Opinia KNF jest odpowiedzią na moje pismo i jest adresowana do mnie. Nie może więc jej Pani zastosować bezpośrednio do swojej sprawy. Można natomiast taką opinię uzyskać w Pani sprawie. Trzeba sprecyzować problem od strony prawnej i poprosić o opinię dział prawny KNF. Ja czekałam na załatwienie sprawy ok 1 mies. Jednak opinia KNF nie załatwia sprawy. Bank na pewno nie wypłaci odszkodowania tylko na pdst. opinii KNF. Konieczny jest proces sądowy i nawet jeśli sąd orzeknie o winie banku /czyli wadliwym pełnomocnictwie/, to też jeszcze nie przesądza sprawy. Trzeba udowodnić szkodę wynikającą z wadliwie spisanego pełnomocnictwa. Jeśli pełnomocnik pobrał pieniądze z konta, to bank może jeszcze wykazać, że pomimo wadliwe spisanego pełnomocnictwa mocodawca jednak faktycznie powołał pełnomocnika do danego konta /konwalidacja czynności prawnej/. Każda sprawa jest inna.

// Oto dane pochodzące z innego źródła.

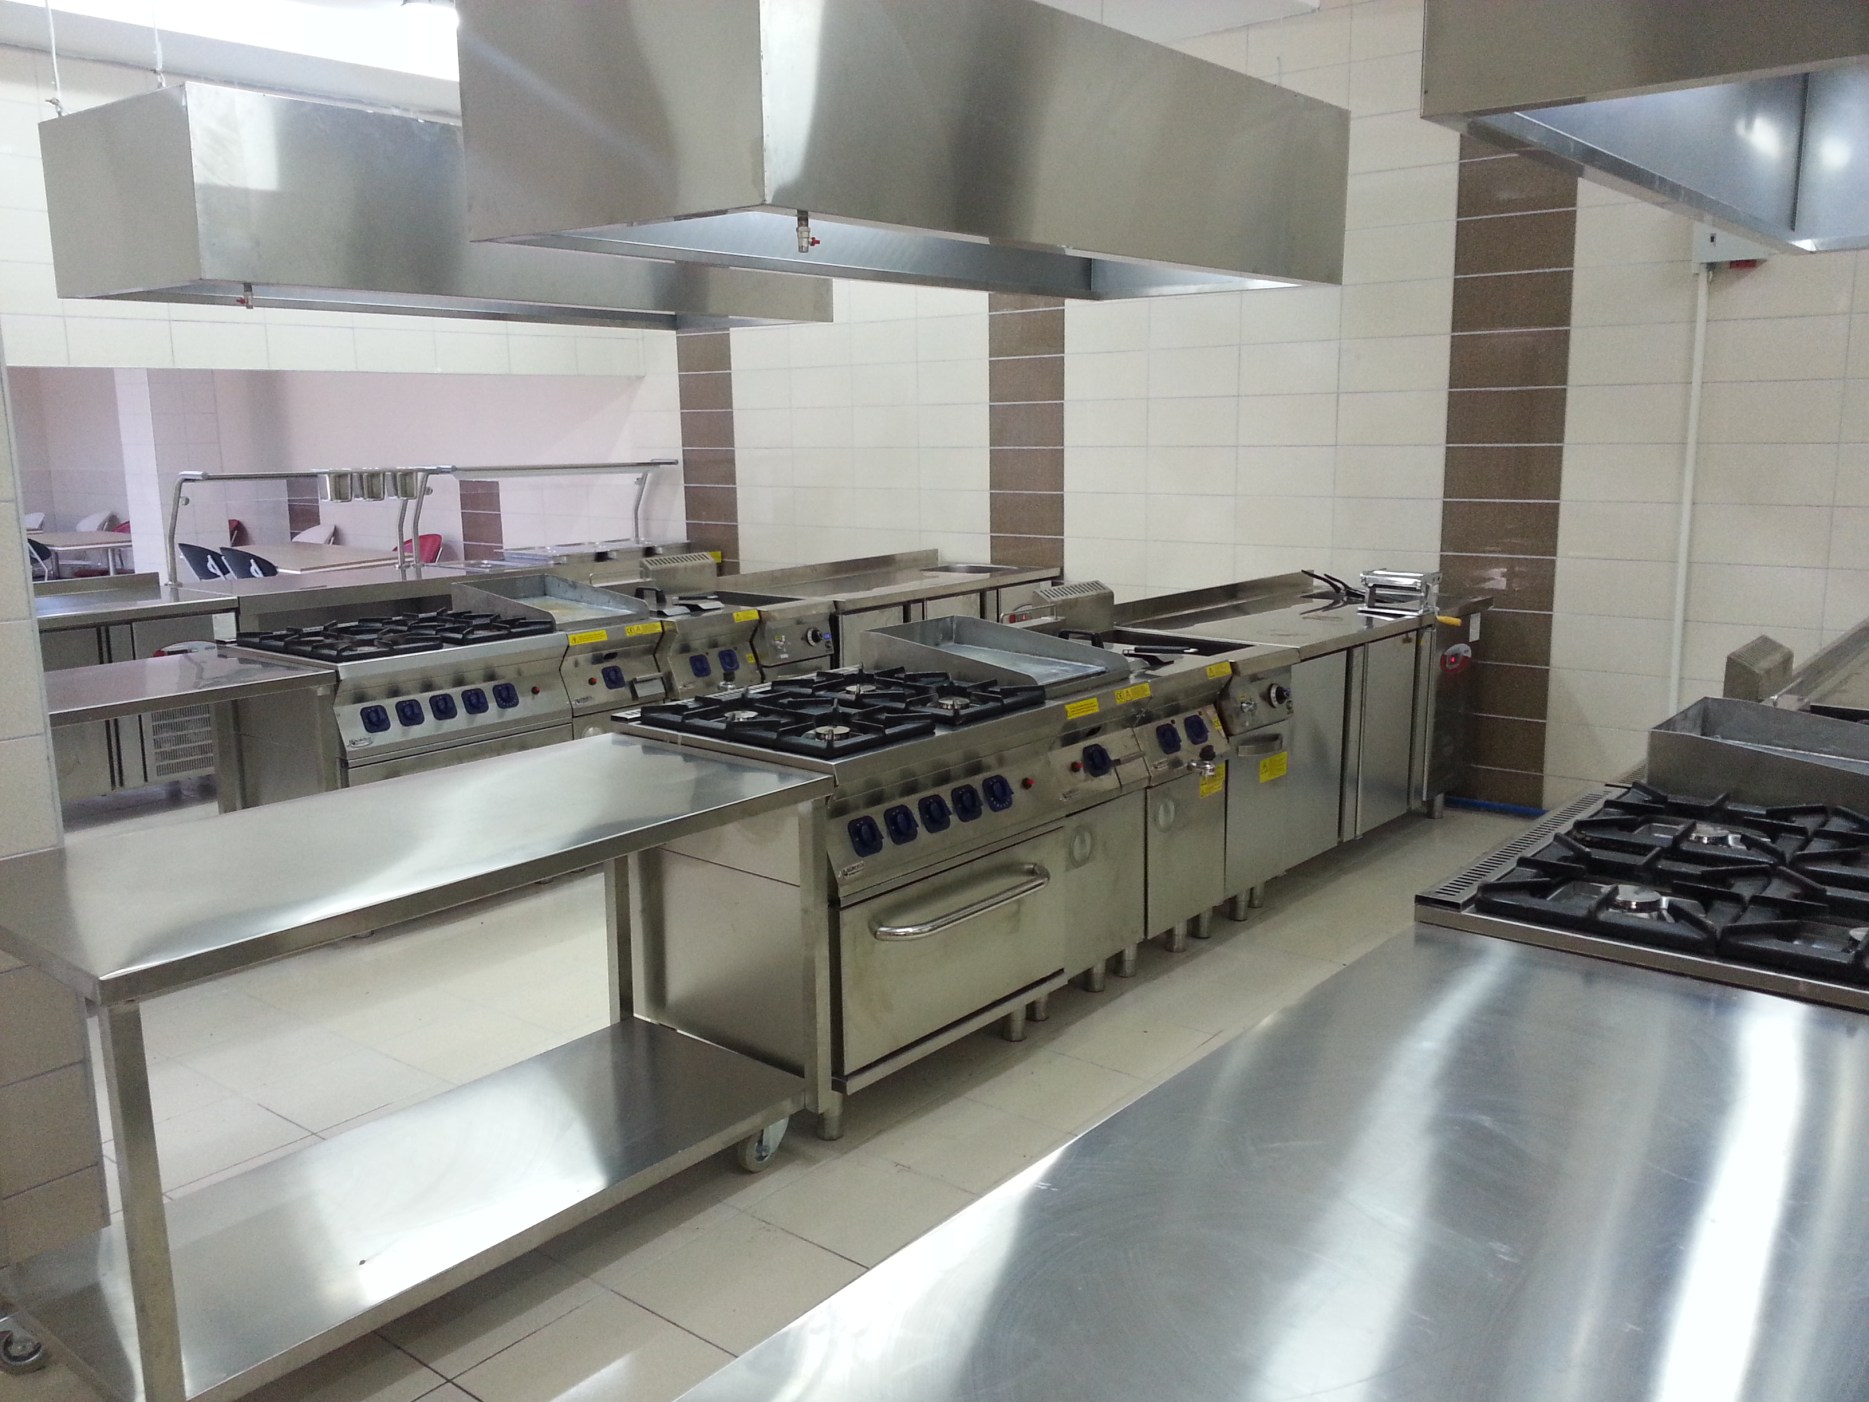 S A Y F A 14 Kendi Mutfaklarını Kendileri Temizlediler ü ç aydan beri tadilatı devam eden mutfağımız nihayet bitti.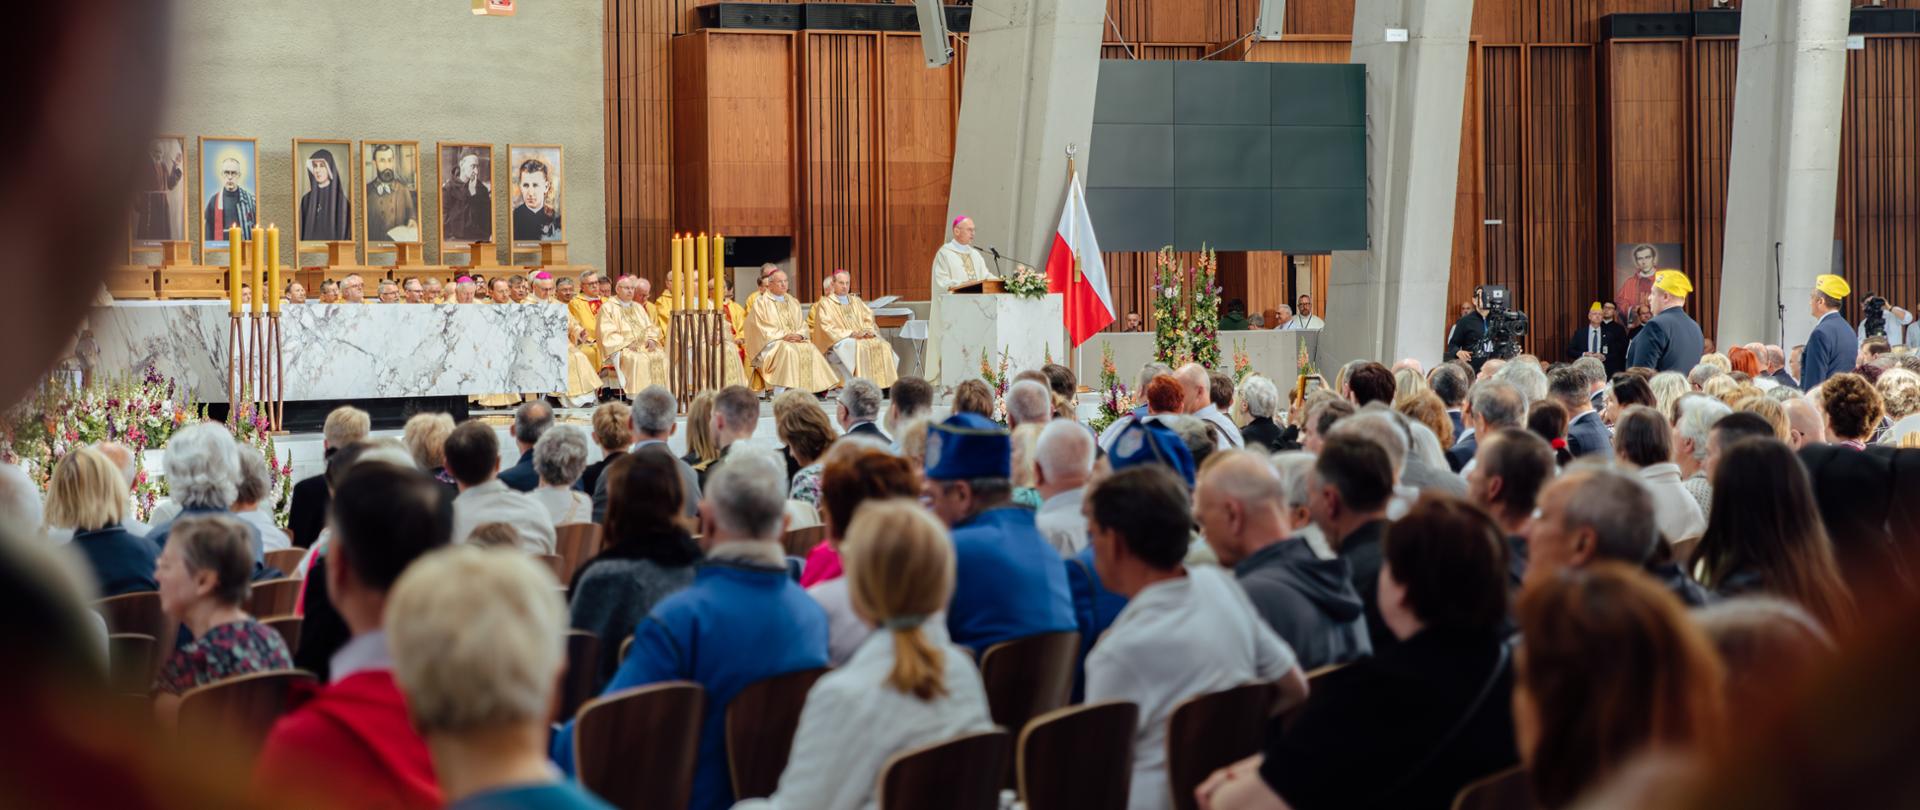 Eucharystia w ramach XVI Święta Dziękczynienia w Świątyni Opatrzności Bożej w Warszawie.

Ja w swojej sprawie dowody zbierałam przez 2 lata. Ostatecznie wypracowałam pozew - powództwo o ustalenie istnienia stosunku prawnego z dodatkowym powództwem ewentualnym i powództwem o zapłatę. Sprawa znalazła się w sądzie i czekam na wyznaczenie terminu rozprawy. Będę walczyć z bankiem sama i na razie jestem dobrej myśli.
Czy mogłaby Pani napisać jaki to bank w Pani przypadku, może ten sam co u mnie?